System.out.println (analyzertype+ "-" +result.tostring ());
}
}



Main method ":


Private Tokenizerdemo demo = null;

Private String msg = "I like you, my motherland!" China ";
Private String msg = "I Love you, china! Consumer ";
@Before
public void SetUp () throws Exception {
Demo=new Tokenizerdemo ();
}


@Test
public void Testwhitespaceanalyzer () {
Demo.whitespaceanalyzer (msg);
}

@Test
public void Testsimpleanalyzer () {
Demo.simpleanalyzer (msg);
}

@Test
public void Teststopanalyzer () {
Demo.stopanalyzer (msg);
}

@Test
public void Teststandardanalyzer () {
Demo.standardanalyzer (msg);
}
}

5,cjkanalyzer

China-Japan-Korea Analyzer, can be on the Chinese, Japanese, Korean language analysis of the word breaker, but the effect of support in general, generally do not


Lucene built-in analyzer word breaker

Contact Us

The content source of this page is from Internet, which doesn't represent Alibaba Cloud's opinion; products and services mentioned on that page don't have any relationship with Alibaba Cloud. If the content of the page makes you feel confusing, please write us an email, we will handle the problem within 5 days after receiving your email.

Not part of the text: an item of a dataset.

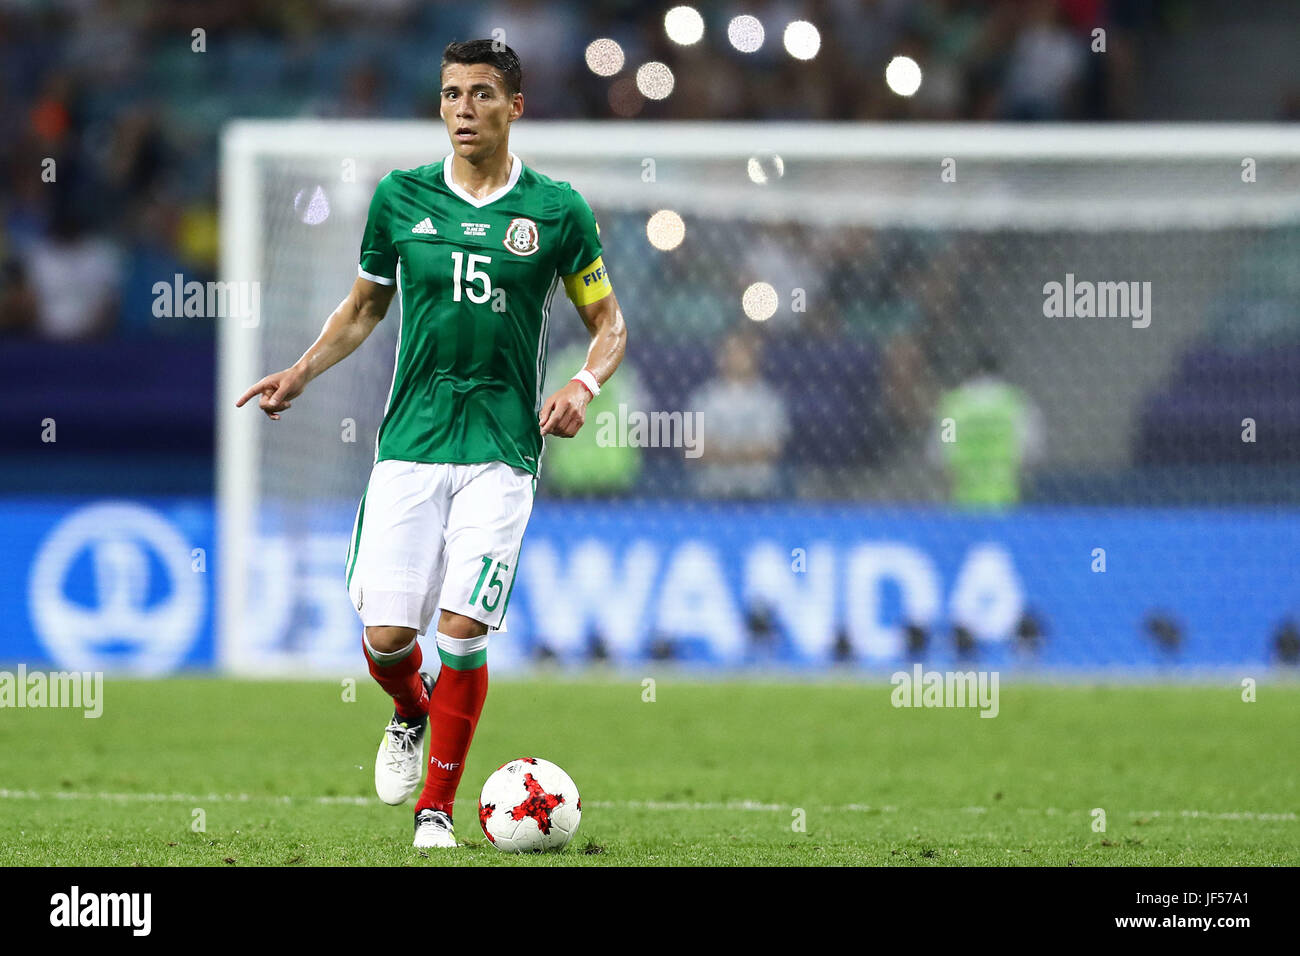 SOCHI, SC - 29.06.2017: GERMANY VS MEXICO - Hector Moreno of Mexico during a match between Germany and Mexico valid for the semifinals of the 2017 Confederations Cup on Thursday (29th), held at the Sochi Olympic Stadium in Sochi, Russia. (Photo: Heuler Andrey/DiaEsportivo/Fotoarena) Stock Photo

If you find any instances of plagiarism from the community, please send an email to: info-contact@alibabacloud.com and provide relevant evidence. A staff member will contact you within 5 working days.

A Free Trial That Lets You Build Big!

Start building with 50+ products and up to 12 months usage for Elastic Compute Service

  • Sales Support

    1 on 1 presale consultation

  • After-Sales Support

    24/7 Technical Support 6 Free Tickets per Quarter Faster Response

  • Alibaba Cloud offers highly flexible support services tailored to meet your exact needs.